Он опять испытующе уставился глазами-буравчиками на Степана.
— Так вот… Трудись… и чти старших… без прекословия… А то прогоню!.. Понял?
Голубые глаза Степана на этот раз весело и стойко встретились с черным взглядом Евлампия. Тонкие ноздри его продолговатого носа слегка вздрагивали.
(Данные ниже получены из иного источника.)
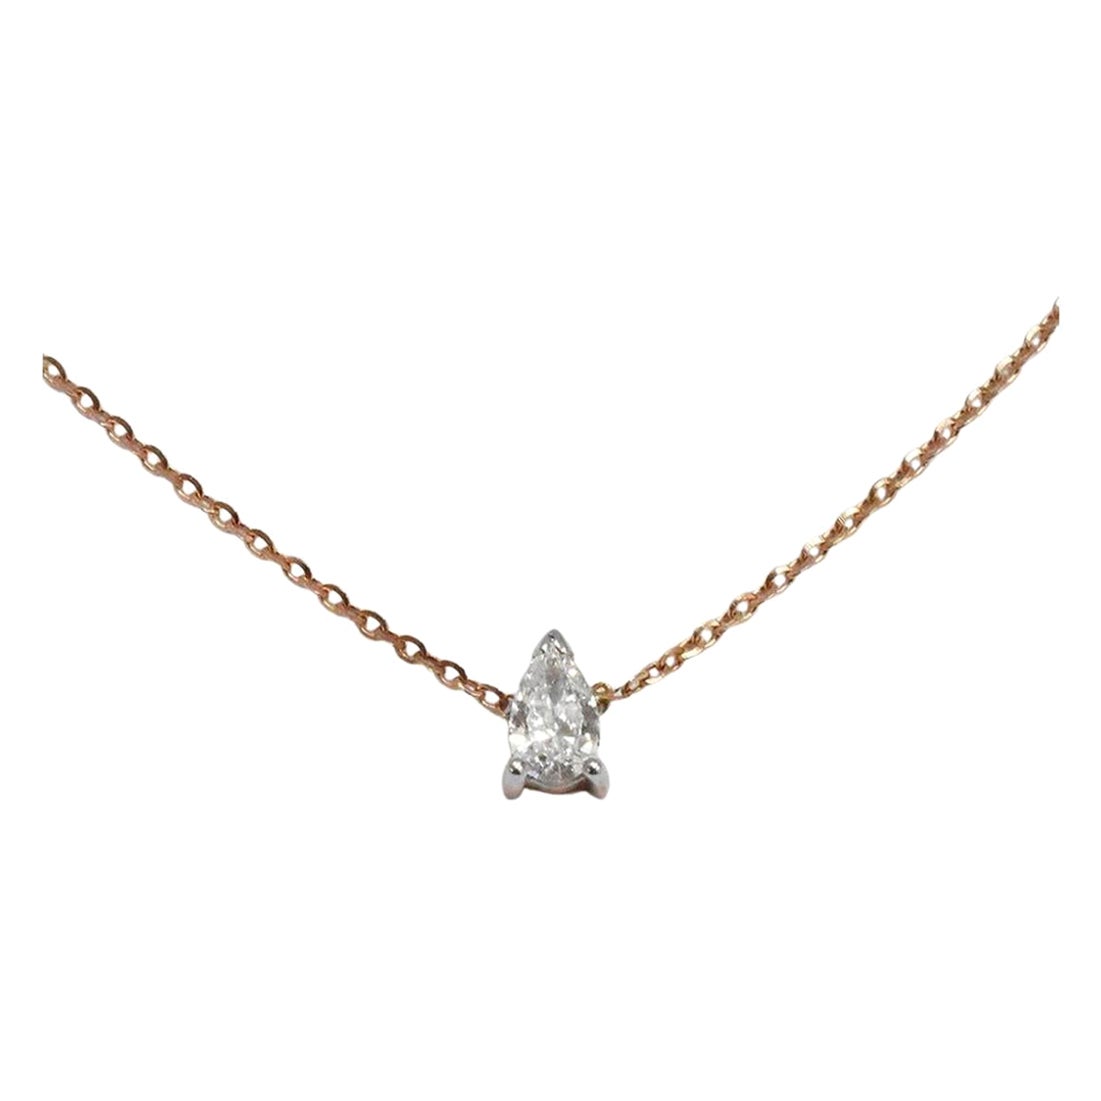 Pear Shaped Diamond Necklace made of 14k solid gold available in three colors, Rose Gold / White Gold / Yellow Gold.

Natural genuine round cut diamond each diamond is hand selected by me to ensure quality and set by a master setter in our studio.

Все с той же ухмылочкой Степан ответил:
— Не сумлевайся, отец… потрудимся!.. Не баловаться пришли!.. Работы не боимся…
Старец указал рукой на гроб и сказал:
— Видишь, как спасение-то добываем?.. Вот тут я сплю, тут и душу свою грешную господу передам…
Помолчав, он еще раз перекрестил Ширяевых:
— Ну ладно… господь вас благословит… Ступайте с богом… Приступайте к труду — во имя господа нашего Иисуса Христа… аминь!
Выйдя из кельи и направляясь тропкой к большому дому, в котором была кухня и трапезная, Степан говорил жене:
— Строгий, язви его… Те… старики-то… приняли ласково… А этот — не то волк, не то волкодав…
Петровна со вздохом ответила:
— Сказывали ведь люди про него: вроде святого он… Праведный!.. Потому сердитый.
Степан шел по двору и, перебирая пальцами свою шелковистую бородку, тихо говорил:
— А я где-то видел этого святого волкодава…
— Ну, где ты мог его видеть? — молвила Петровна, морщась от слов мужа.
— Сейчас не упомню, — сказал Степан, напрягая память, — но где-то мы с ним встречались… Ей-богу, встречались!..
Петровна хмурилась и молчала.
Глава 21
Крепко запряглись Ширяевы в скитскую работу. Степан вместе с другими трудниками ходил за лошадьми, расчищал от снега дорожки, рубил дрова в тайге, возил воду с речки, добывал рыбу. А Петровна работала с Матреной на кухне и в трапезной.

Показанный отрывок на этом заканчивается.